Pudgies

I have read back through my last few months of posts and realized I've been holding back. I started this blog with little to no fear of oversharing or overstepping boundaries. I just shared what I felt. Sometimes it was graphic. Sometimes it was too emotional. Mostly, it was heartfelt, real, and allowed me a space to share anything and everything. Since a lot of people I know have started reading this blog, I stopped being open. I started censoring myself for fear that someone might not like what I said, or that someone might not want to know certain things. It was at that point that I didn't enjoy writing here anymore. So, this is an attempt at reality. If you don't already know, my name is Katrina or Kat, I go by either. Love's name is Matt or Matthew. This is my blog reborn. Over time I will remake this blog into something I can be proud of. Or at least recreate a space where I can be open and honest. It might take me a few posts to get back in the swing of things!

In the last couple months I regained 10 of the 27 pounds I recently lost. I'm so frustrated at this point. I have a very complimentary husband, but often find myself wishing he could have seen me the way I was then and not now. Months ago I lost the weight very quickly. It wasn't healthy, gradual weight loss. It was fast, grief and stress weight loss. It was a combination of not eating enough and nursing a baby. Regardless, for the first time in 6 years, I felt sexy. I felt good in my skin. I felt skinny. It was one of the few silver linings I got out of going through the divorce. Putting those pounds back on has me groaning again when I see myself naked in the mirror. Sucking in and wishing for what was in my reflection just weeks ago.

I am working on losing the weight again, but focusing more on health, strength, and maintaining an active lifestyle. Yet I worry often about the changes my body underwent with my two pregnancies. Don't get me wrong, I love my girls. Everything my body has been through for them was more than worth it. Matthew loves me and tells me often that I'm skinny and beautiful and that he doesn't care about my stretchmarks. Let's be honest though, it's not pretty! Will my stretchmarks end up looking like sad, wrinkled, flabby skin if I lose the fat that's underneath them? Is it worth it to have abs if the stretch-marked skin might not allow them to show? Will I have any boobs left if I keep doing all those push ups? Will I ever look close to normal again?

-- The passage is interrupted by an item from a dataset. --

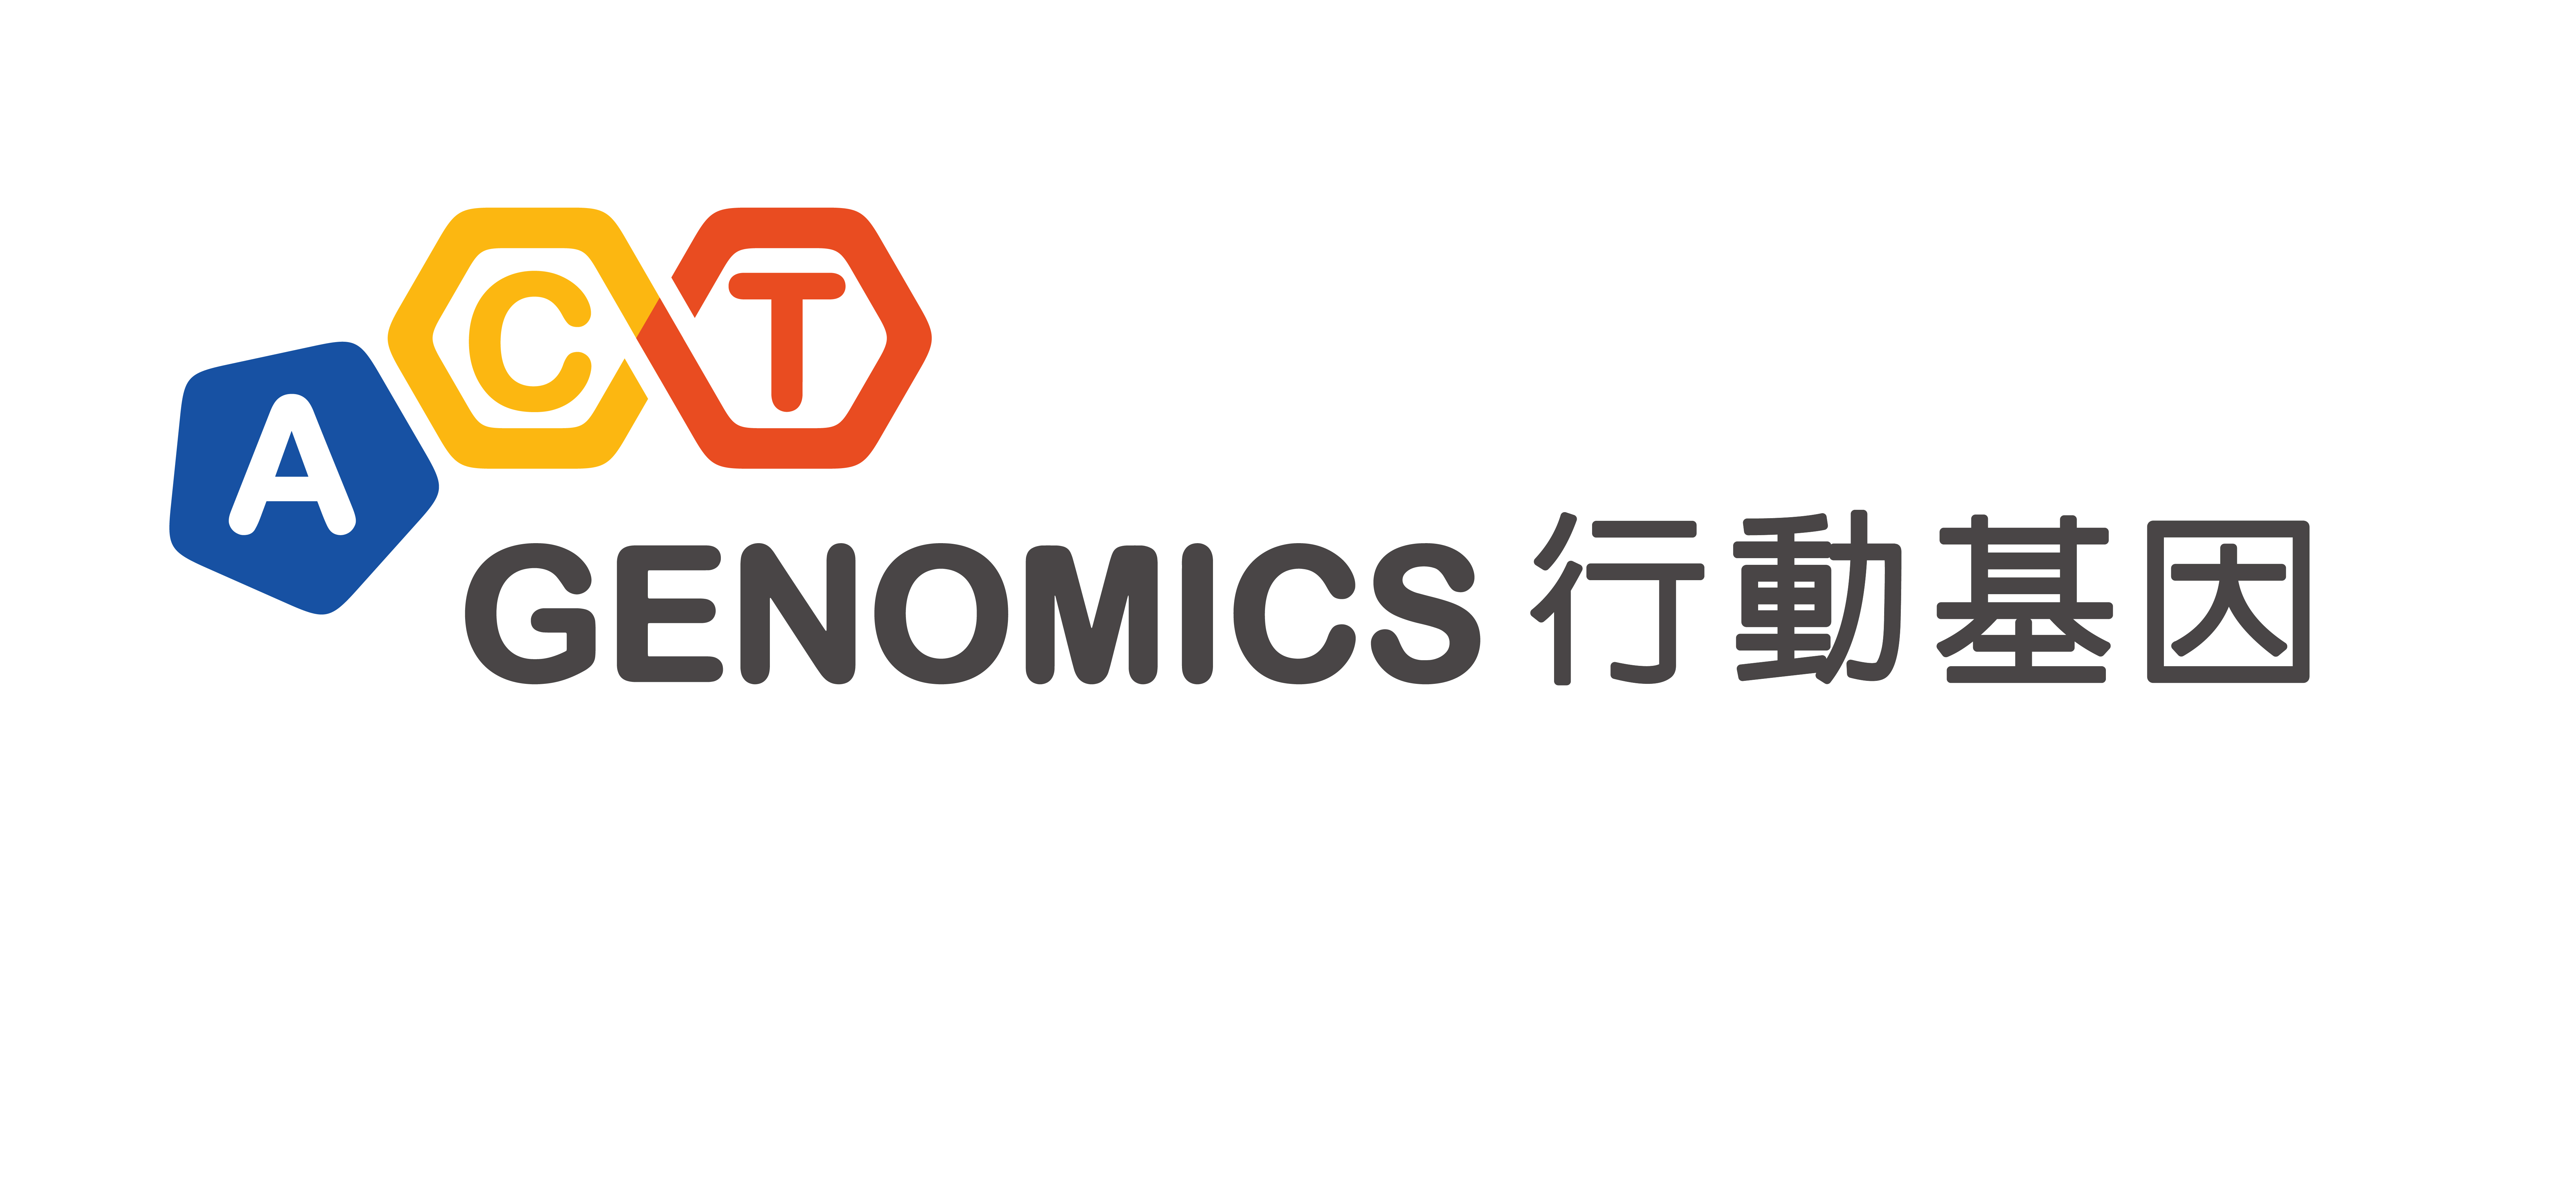 ACTG logo 行動基因-01.jpg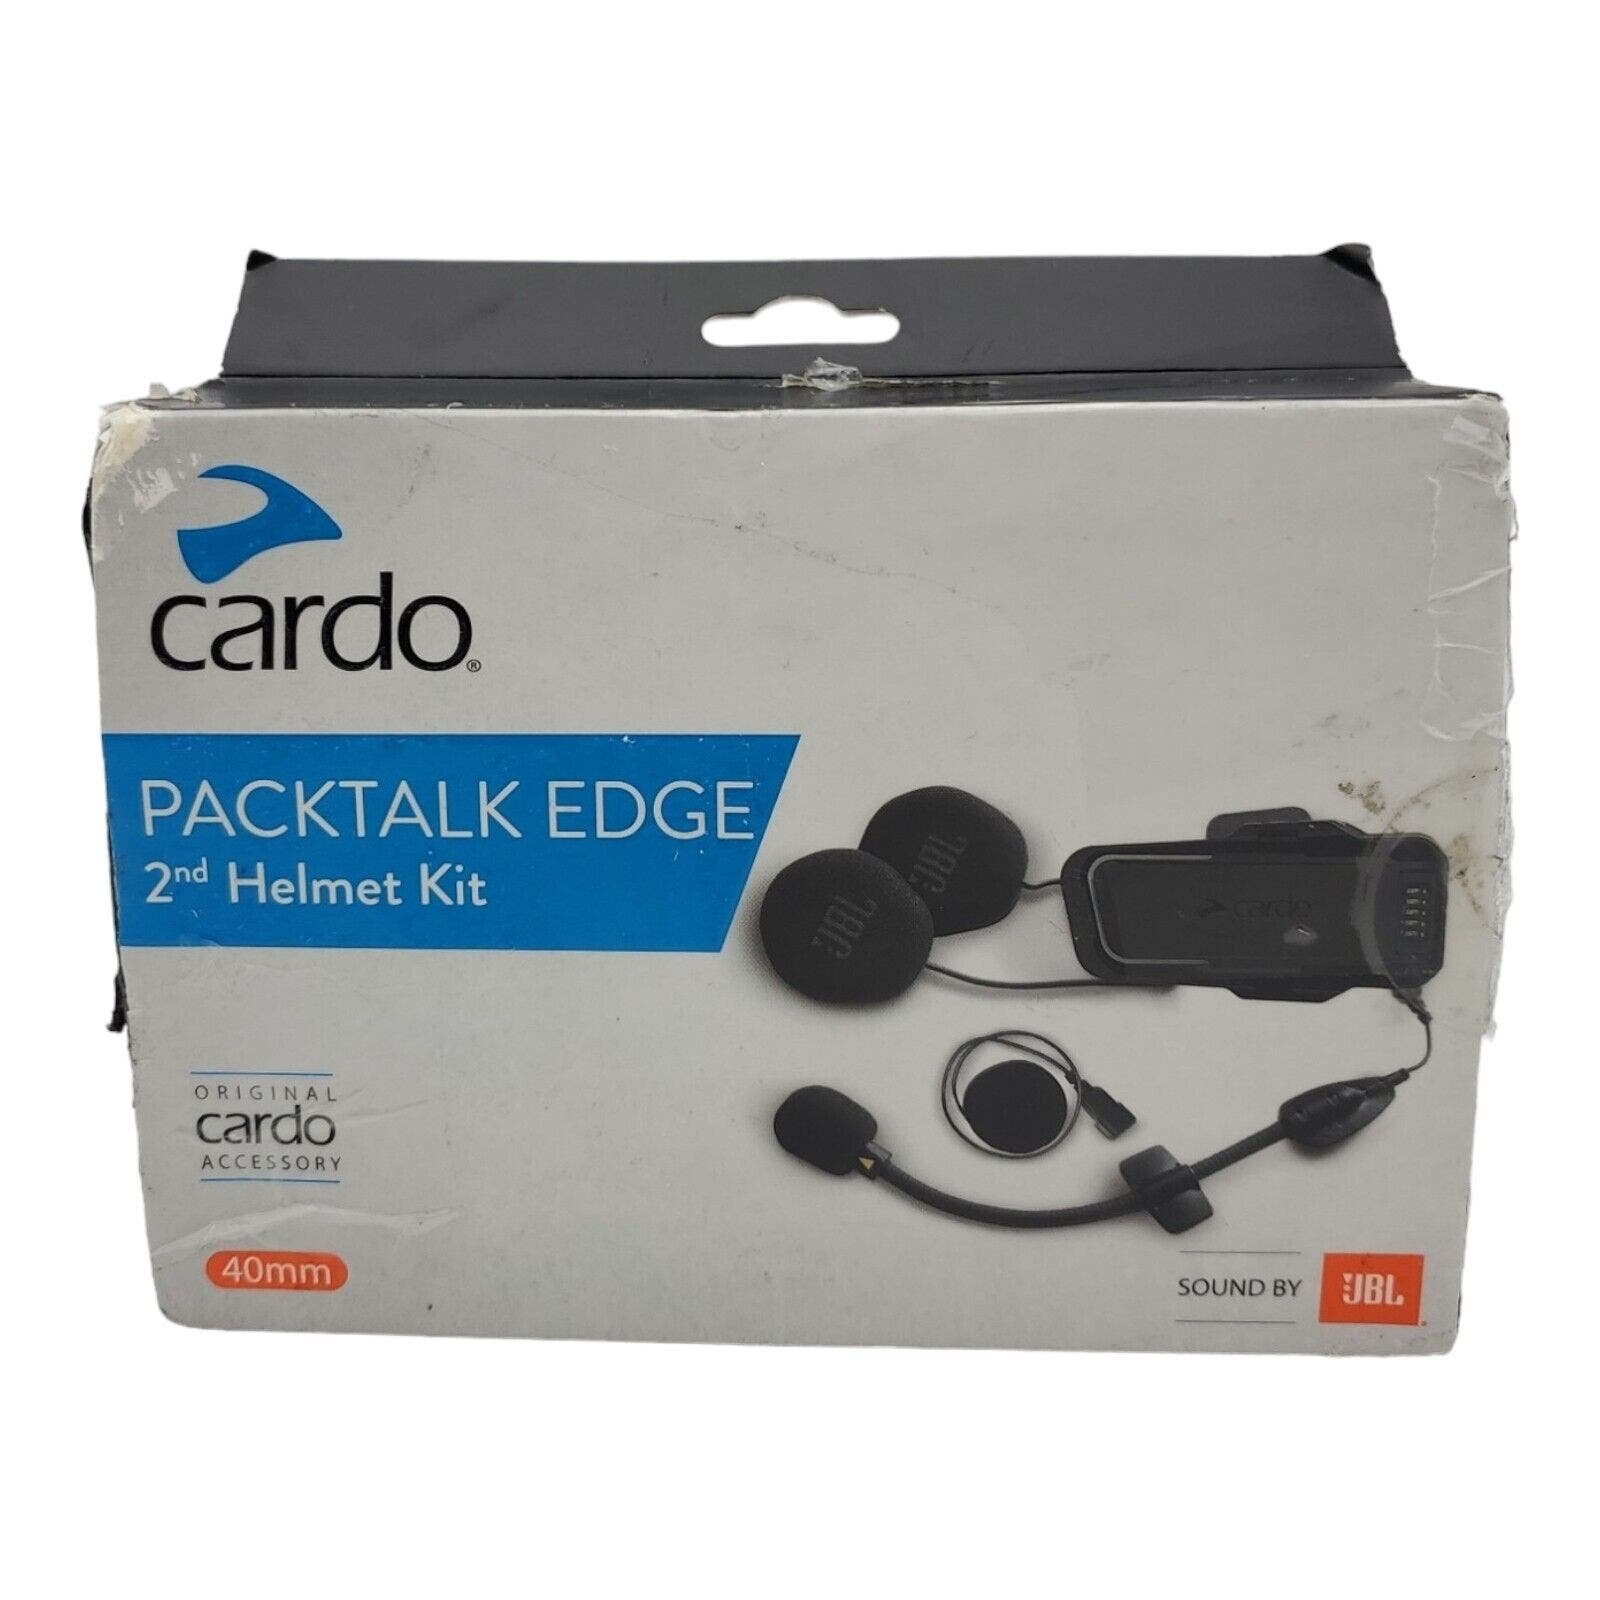 Cardo Packtalk Edge 2nd Motorcycle Helmet Audio Kit with JBL Speakers - Open Box PQPFxRDiy

Secretly, I dream of having a body like the ones on the covers of the magazines. Logic tells me that those women don't really look like that. I've seen the amount of make-up, tweaking and airbrushing done to make those photos scream perfection. My illogical side tells me those women are what our world thinks of as beautiful. I WANT TO BE BEAUTIFUL. Well, what I really want is to FEEL beautiful. A few weeks ago, I had a minor issues with my stretch marks and what is left of my boobs after nursing two babies, but otherwise I actually FELT beautiful. I felt confident. I felt like maybe I could turn a few heads. That mentality hasn't disappeared completely, but I want that feeling back.

Three weeks ago I took pictures on my start day of the exercise program I've been doing. I see those pictures and it's frustrating, yet also motivating. I truly believe reconditioning my body, gaining muscle and losing fat will make me feel both healthy and beautiful. (Maybe even sexy.) The biggest difference between this weight loss and the last is that this time I will work hard for it. It will happen gradually and I will notice the little differences. I will notice the fact that I actually have visible biceps. I can do (modified) pull ups for the first time in my life. I can do yoga moves I never thought I could even attempt. I can live an active lifestyle with my husband and teach myself and our kids how to love and take care of our bodes. I do have fears about what will happen to my post pregnancy body as I make changes to it through fitness. My hope is that any oddities pregnancy may have created will be outweighed by the feeling of accomplishment when I push play on the 90th day. Or the first time I can do a pushup off my knees. Or maybe the day I fit better in my clothes from 10 pounds ago. Those are the important things. If it turns out those things are not enough, there's always the option of surgery!

P.S. I would love to hear thoughts from both men and women on the issues of fitness, post pregnancy bodies, and body image.